As an alternative to a risk-compensation explanation of social distancing, the current results suggest—in line with prior research32,33—that social distancing violations are chiefly predicted by crowding. That is, when citizens move through crowded public places, it is more challenging to keep the desired 1.5 m distance to other people. This result indicates that the literature has been overly focused on individual-level predictors of social distancing violations (e.g., risk compensation, age, norms) at the expense of analyzing the “situational opportunity” for violations afforded by people crowding26. A practical implication of this argument is that COVID-19 interventions towards social distancing violations may find utility in crowd control52 and in targeting infrastructural surroundings that shape public crowding53. In doing so, however, it should be kept in mind that the risk of coronavirus transmission is lower in outdoor than indoor settings54. As such, crowd control interventions may be most relevant for enclosed semi-public places (e.g., train stations, shopping malls) where some prior research also finds that crowding decreases interpersonal distance55.

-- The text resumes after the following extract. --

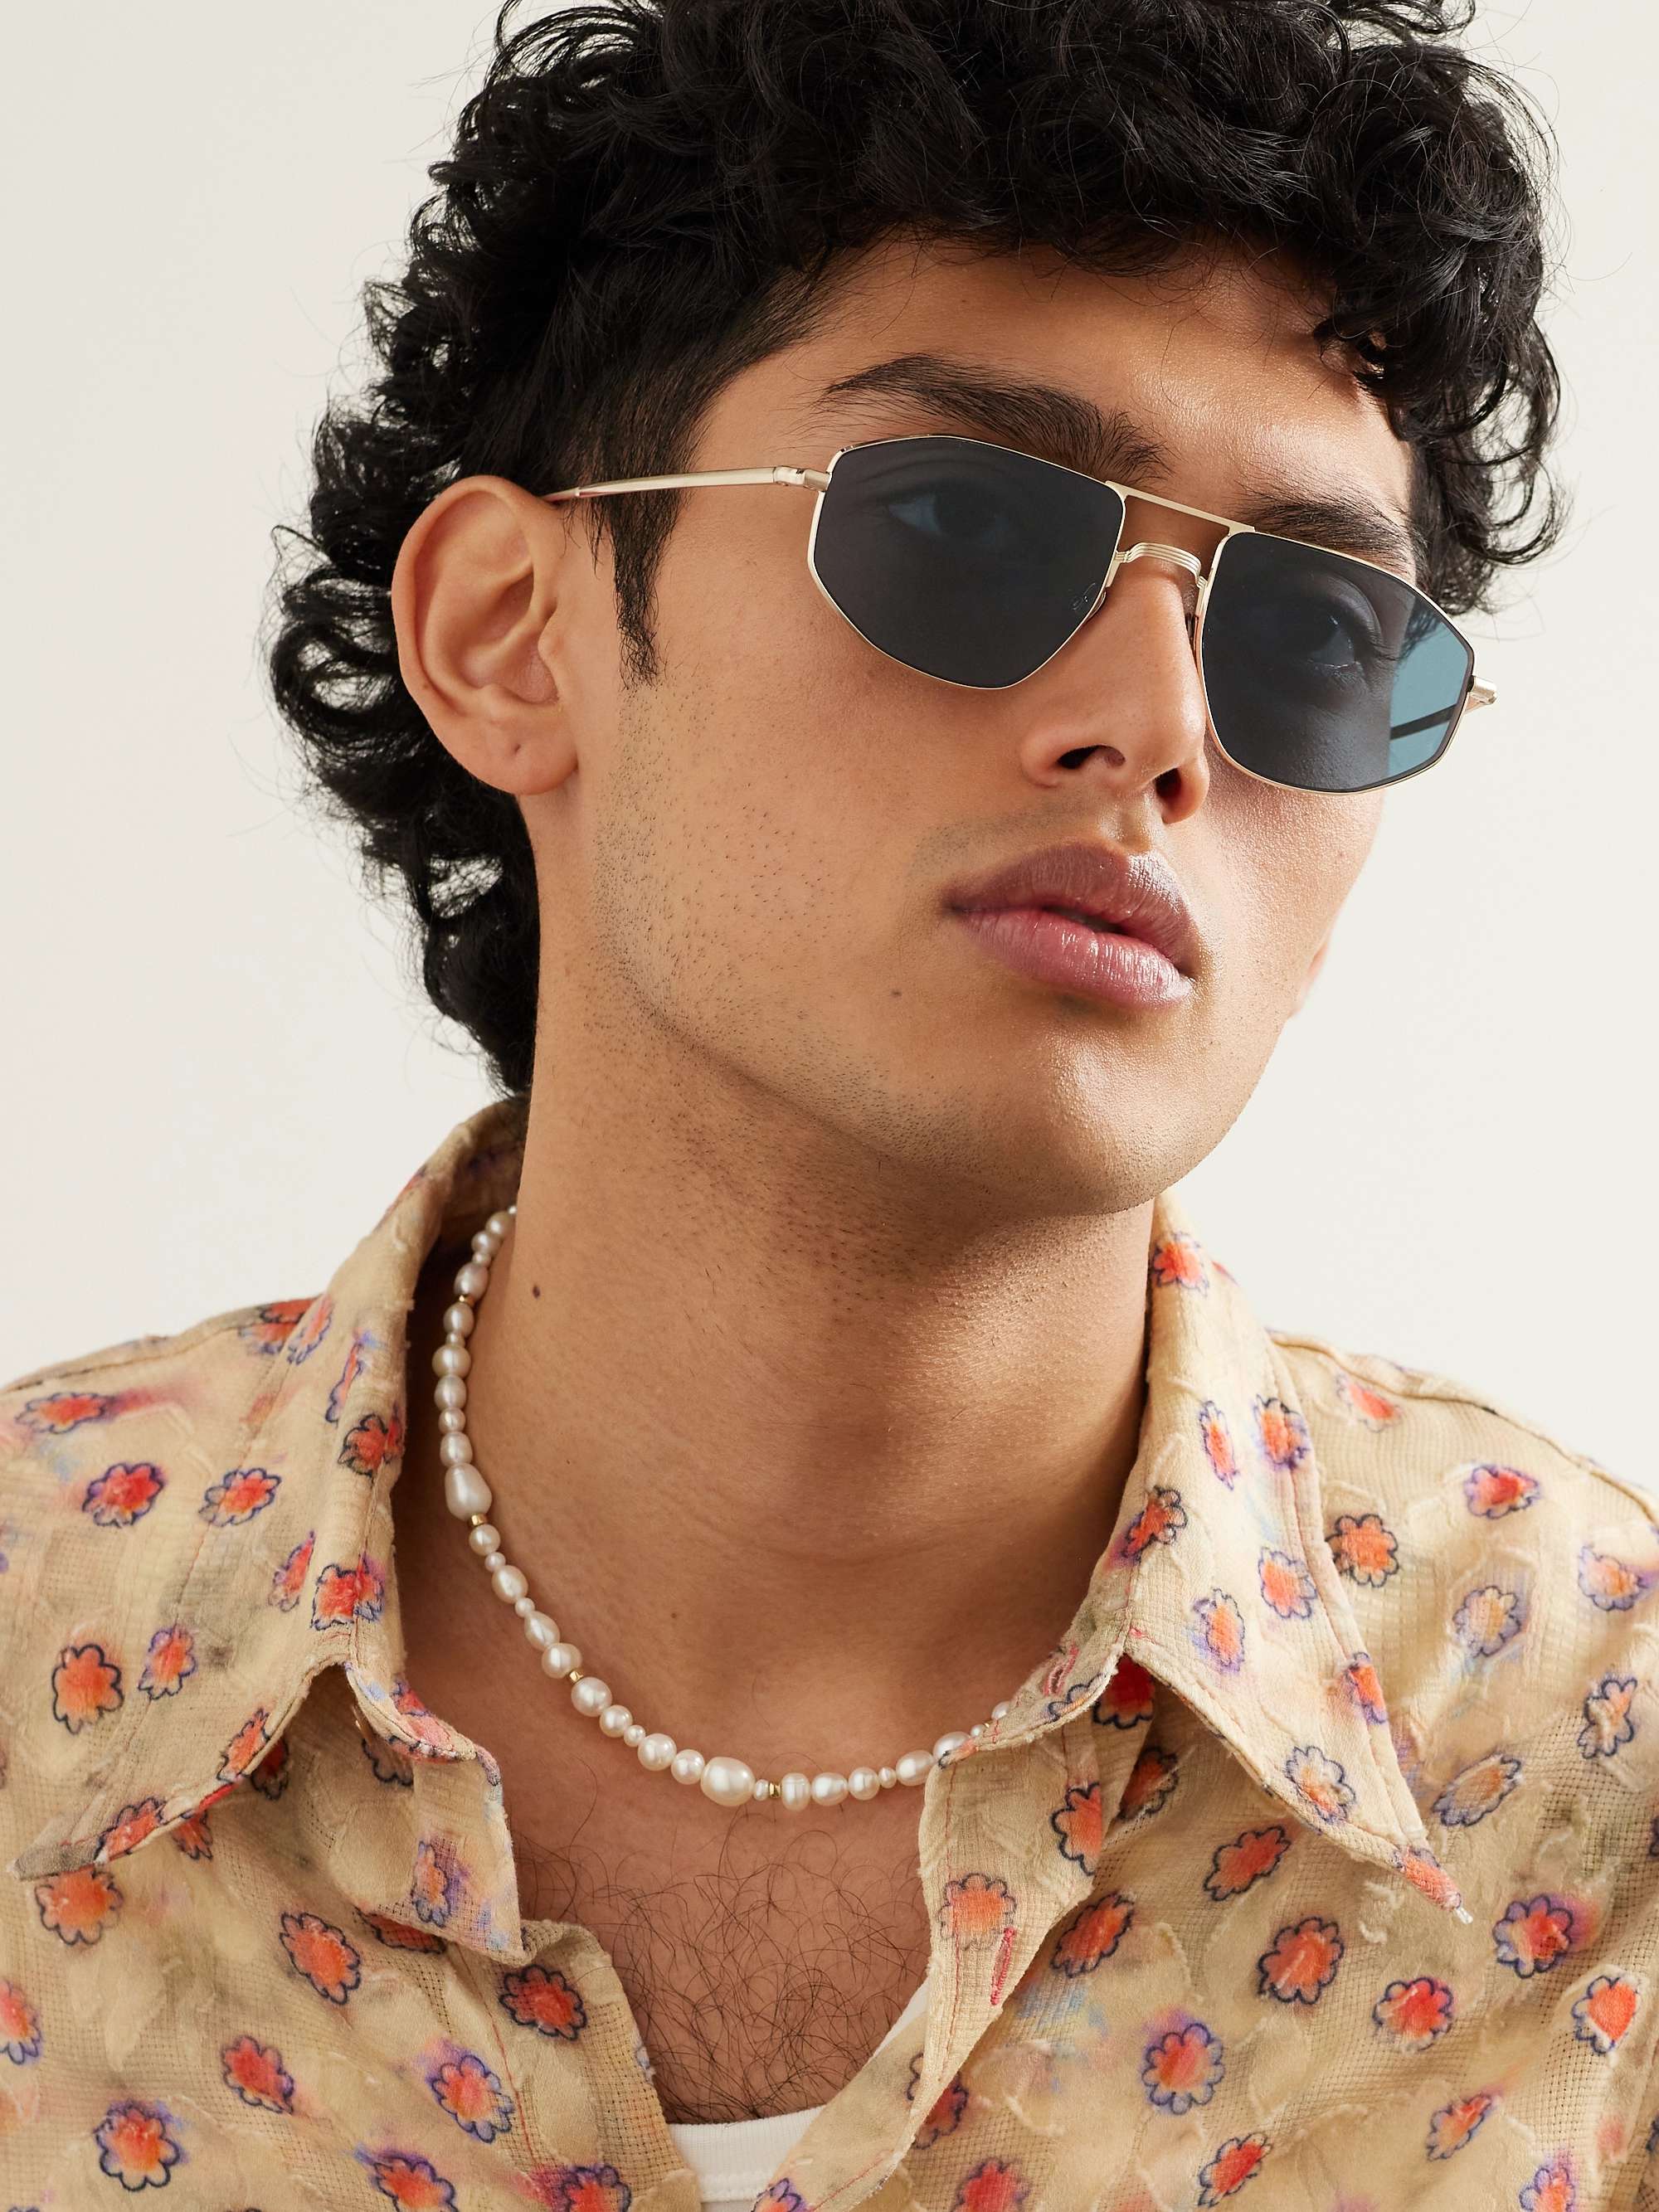 AHLEM Quai d'Orsay Hexagonal-Frame Gold-Tone Sunglasses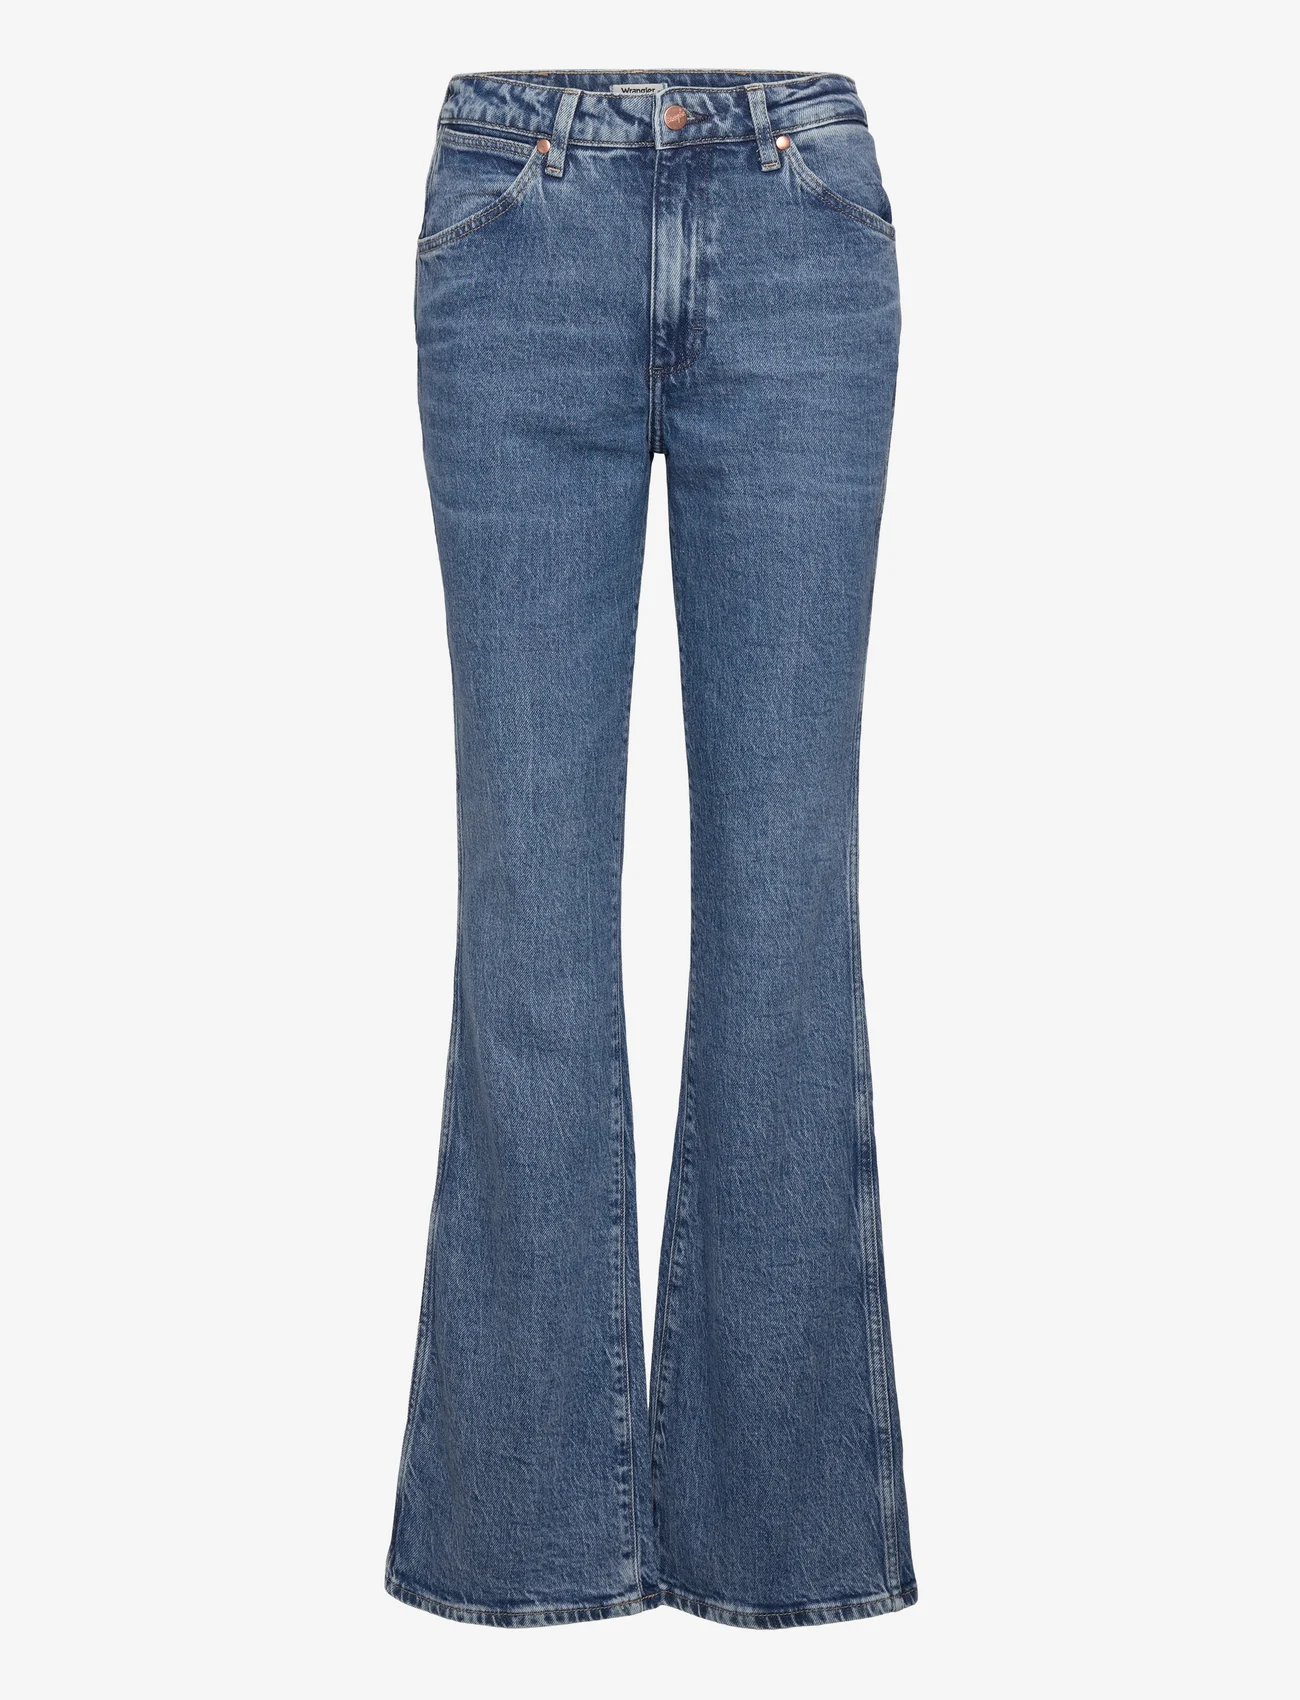 Wrangler - WESTWARD - bootcut jeans - kylie - 0

A limitation of the current study is that we do not distinguish whether it is the potential mask-wearer or their counterparts who have the primary role in stepping over the 1.5 m distancing threshold. This issue arises because both parties were often moving, i.e., in contrast to field experimental studies exploiting how the test subjects moved with a certain distance towards a masked or unmasked confederate standing in a queue15. Another limitation is the between-subject design—especially in the non-experimental Study 1—which cannot separate the effect of mask-wearing from the potential selection-effect that mask-wearers are more (or less) conscientious persons and willing to distance. For example, the willingness to distance varies for some persons across the pandemic56, as plausibly indicated by the circumstance that the compliance level was higher during the first wave (Study 1) than during the second wave (Study 2).

Further, we acknowledge the quasi-experimental nature of Study 2, with a non-random assignment of the area-based treatment and, thus, an inflated risk that our results are affected by unaccounted confounders. Note, however, that the analysis did account for a potential key confounder—i.e., crowding—that we identified in our observational analyses. We also acknowledge that our experimental approach is constrained by a short follow-up period of four weeks and that the reported null findings may be due to an insufficiently powerful treatment, as indicated by the only partially successful manipulation check. Finally, it should be mentioned that the null results of the difference-in-differences analyses may be due to us underestimating how large a sample should be to identify interaction effects (i.e., around four times larger than the main effects57). As such, these tests were de facto powered to identify ‘medium’-sized interaction effects (rather than a ‘small’-sized main effects as planned). This, in turn, may have inflated the false-negative error risk of the difference-in-differences analyses.

In conclusion, the current studies provided observational and natural-experimental evidence that mask-wearing does not reduce social distancing or increase crowding, neither under voluntary nor mandatory conditions.